By 1808Delaware

On April 15, the conversation in Sunbury reached a turning point. After weeks of increasingly crowded meetings, public comments, and visible unease, City Council voted 6–0 to place a moratorium on new data center development. The measure, which runs through January 31, 2027, effectively halts one of the most significant development questions the fast-growing Delaware County community has faced in years.

The vote itself was unanimous.

The Project That Sparked It

At the center of the debate was a proposed $2 billion campus tied to Amazon data services — a project that, on paper, represented massive investment, infrastructure expansion, and long-term economic positioning. In practice, it raised questions that proved harder to answer.

Residents packed meetings in February and March. Concerns surfaced repeatedly and with increasing urgency: energy demand, water usage, proximity to neighborhoods, and the long-term impact on the character of a city that has grown quickly but still sees itself as a community, not just a corridor of development. By the time the council met in mid-April, the issue had already been decided in one sense. The city needed time.

What the Moratorium Actually Does

The ordinance is not an outright rejection, instead it is a pause with teeth.

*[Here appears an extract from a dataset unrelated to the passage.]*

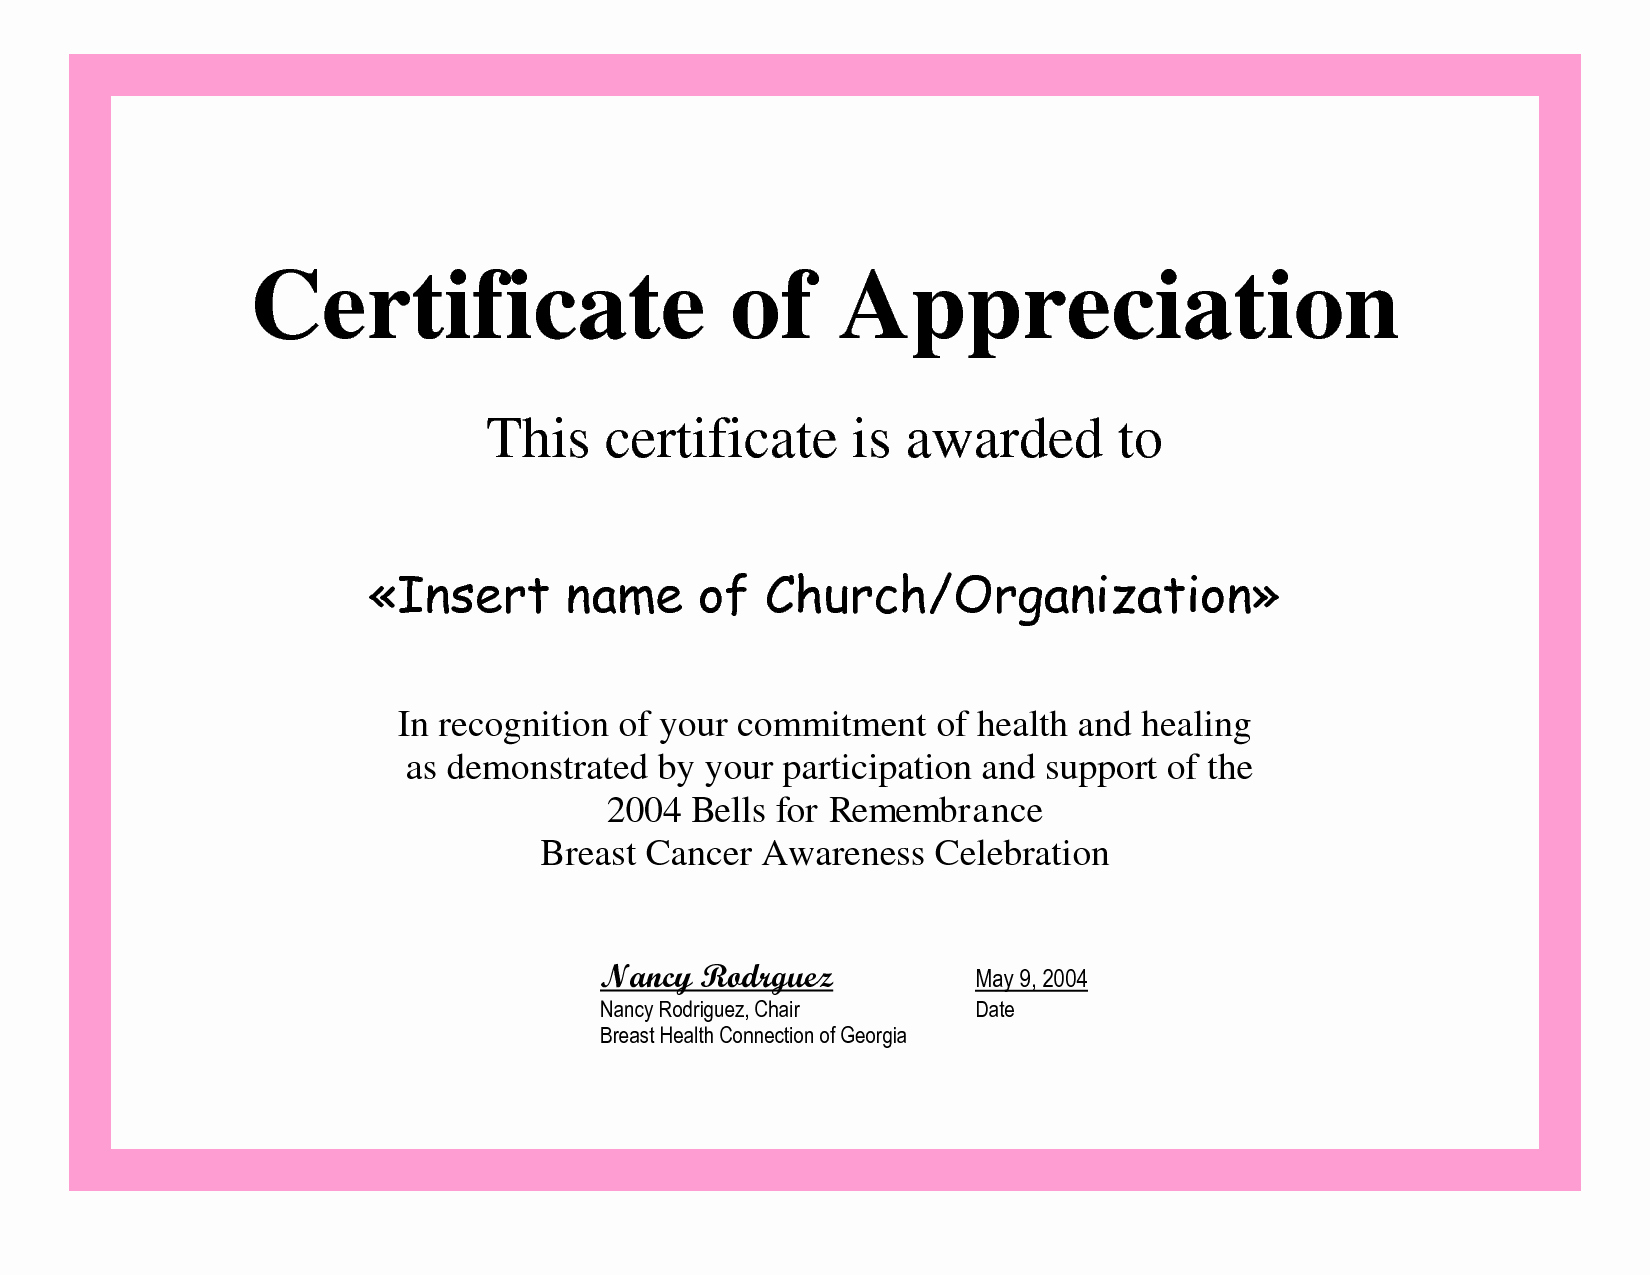 Sunday School Awards Recognition Unique Sample Certificate Ownership Letter Ferraricalifornia
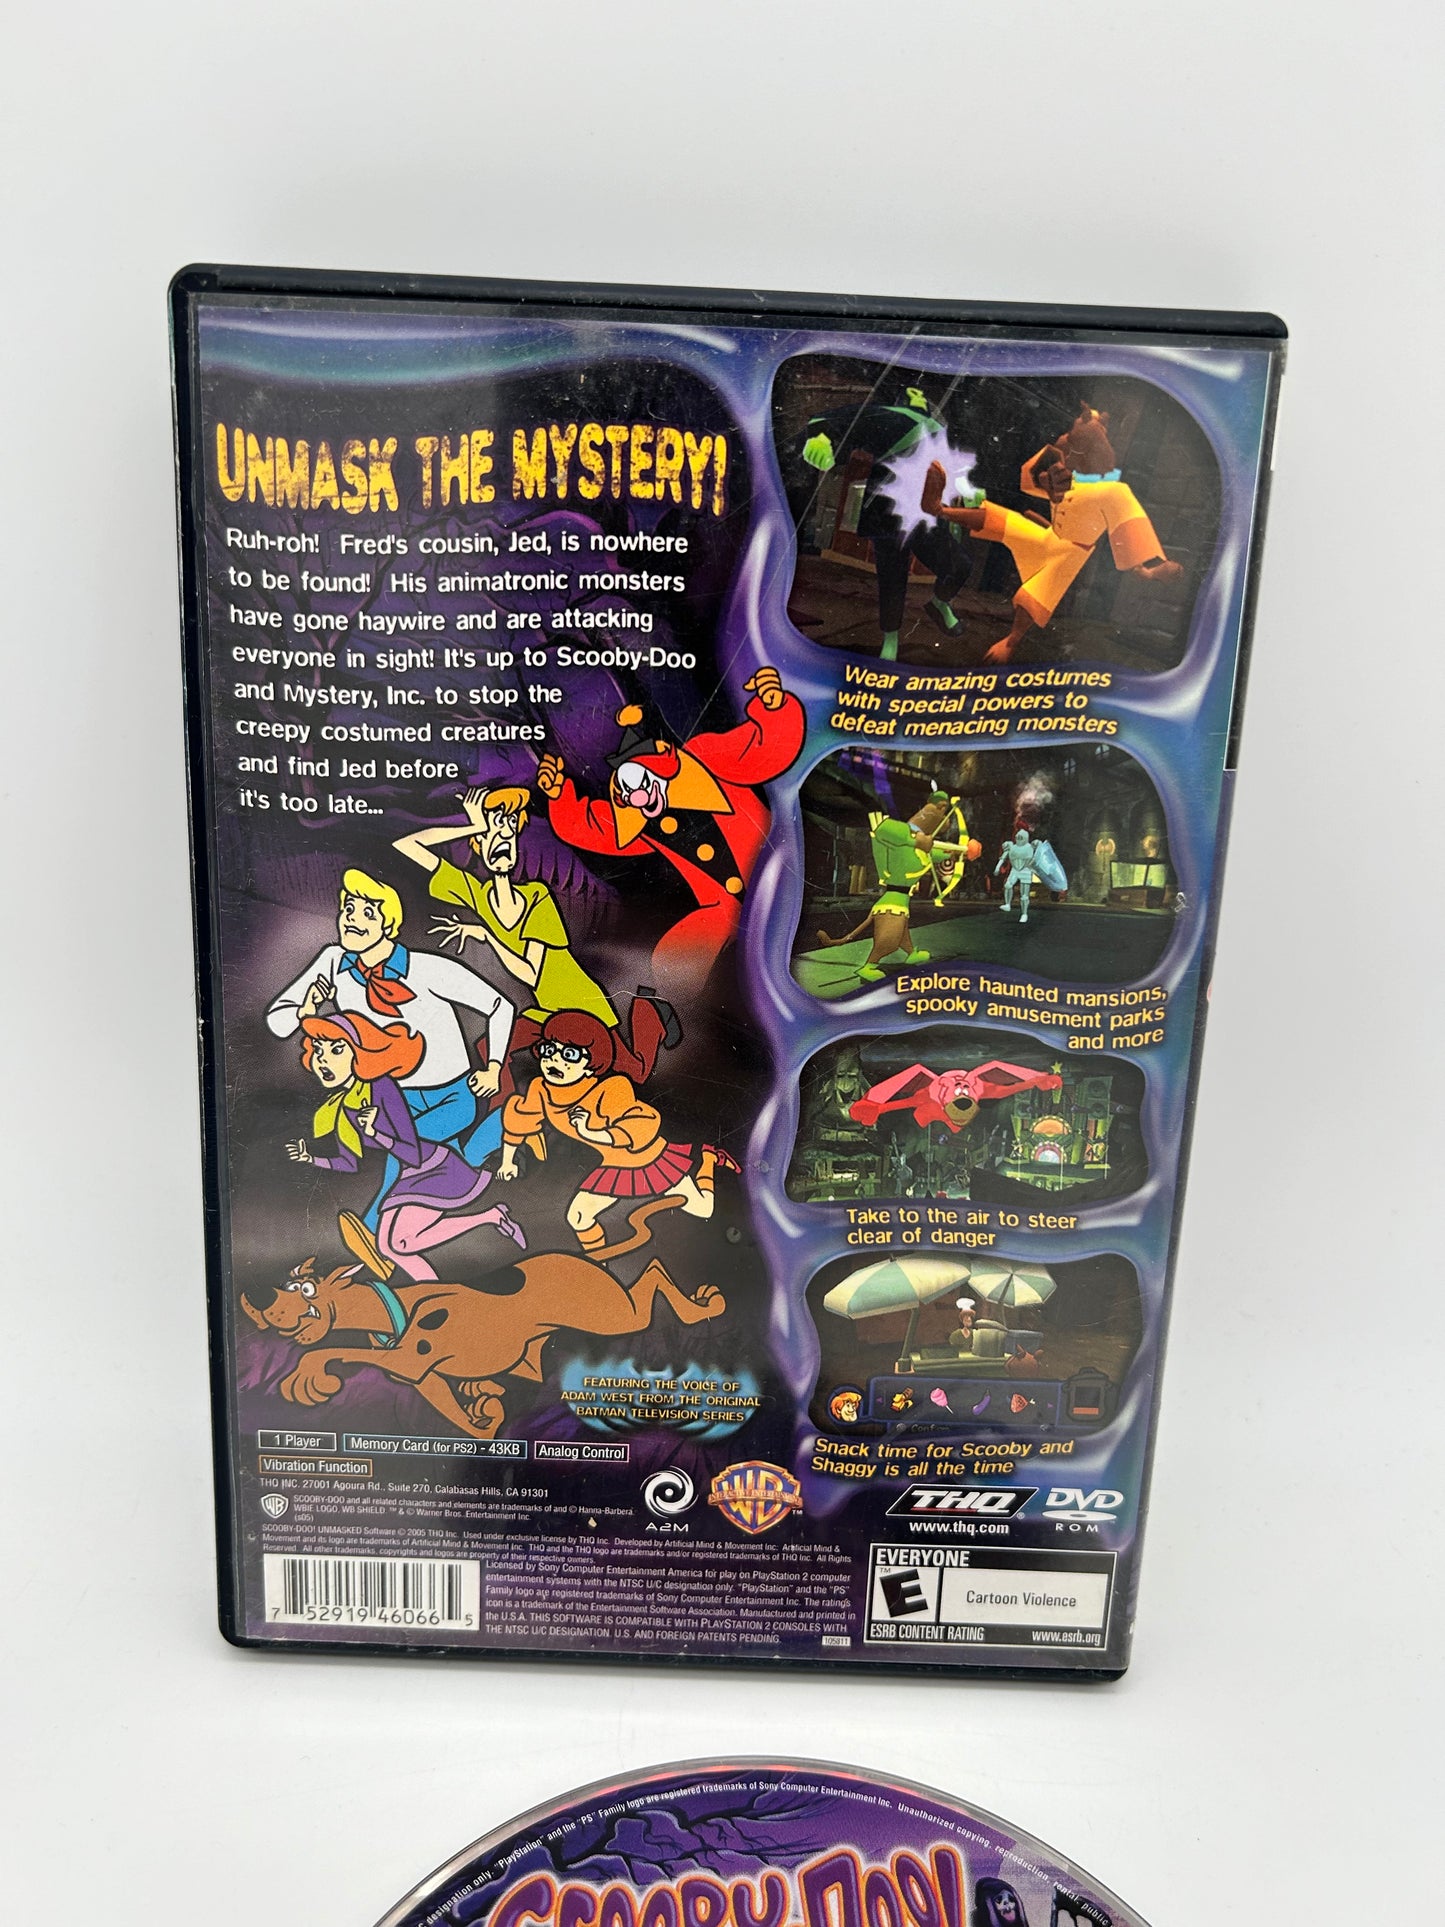 SONY PLAYSTATiON 2 [PS2] | SCOOBY-DOO UNMASKED

For the duration of the moratorium, Sunbury will not rezone land for data center use, issue zoning use certificates for such facilities, or negotiate development agreements tied to infrastructure or incentives. In practical terms, it freezes the pipeline. Projects already in discussion cannot advance through the normal channels. The legislation frames this as a “temporary prohibition of activity,” but its scope is broad enough to stop momentum entirely.

Mayor Signals Caution

Mayor Joe St. John first signaled the move during a State of the City address on March 25. By then, the administration had already seen where the conversation was heading.

The stated goal is deliberate: to review federal, state, and local frameworks and determine how — or whether — large-scale data centers fit within Sunbury’s long-term planning. That includes zoning classifications, construction standards, and mitigation of potential impacts on nearby residential and commercial areas.

The Larger Tension Beneath the Vote

What happened in Sunbury is not isolated. It reflects a widening tension playing out across Ohio and beyond. Proponents clam that data centers bring high capital investment, construction jobs and some permanent employment, and increased tax base potential. At the same time, many in the community advanced the idea that they also bring significant energy consumption, heavy infrastructure demands, limited day-to-day workforce relative to their scale, and community uncertainty about long-term impacts.

“Decisions like this don’t just shape land,” one citizen remarked during public comments, “they shape legacy.”

Local governments are increasingly caught between opportunity and hesitation. Sunbury’s decision places it firmly in the camp of communities choosing to slow the timeline rather than accelerate it.

Waiting on Columbus

Part of that pause is tied to what happens at the state level. City leadership has pointed to pending legislation in the Ohio General Assembly, including efforts to create a statewide data center study commission. The idea is straightforward: gather more consistent information before local governments make decisions with decades-long consequences. Until that clarity arrives, Sunbury is choosing not to move ahead of it.

What Happens Next

The moratorium runs through early 2027, though city officials have already indicated it could be extended if necessary. Between now and then, the work shifts from public hearings to policy.

City staff and council members will examine:

  • Zoning definitions and allowable uses
  • Setback and siting requirements
  • Infrastructure capacity and cost allocation
  • Environmental and community impact standards

When the moratorium lifts, the expectation is not that the conversation will end. It will resume, but on more defined terms.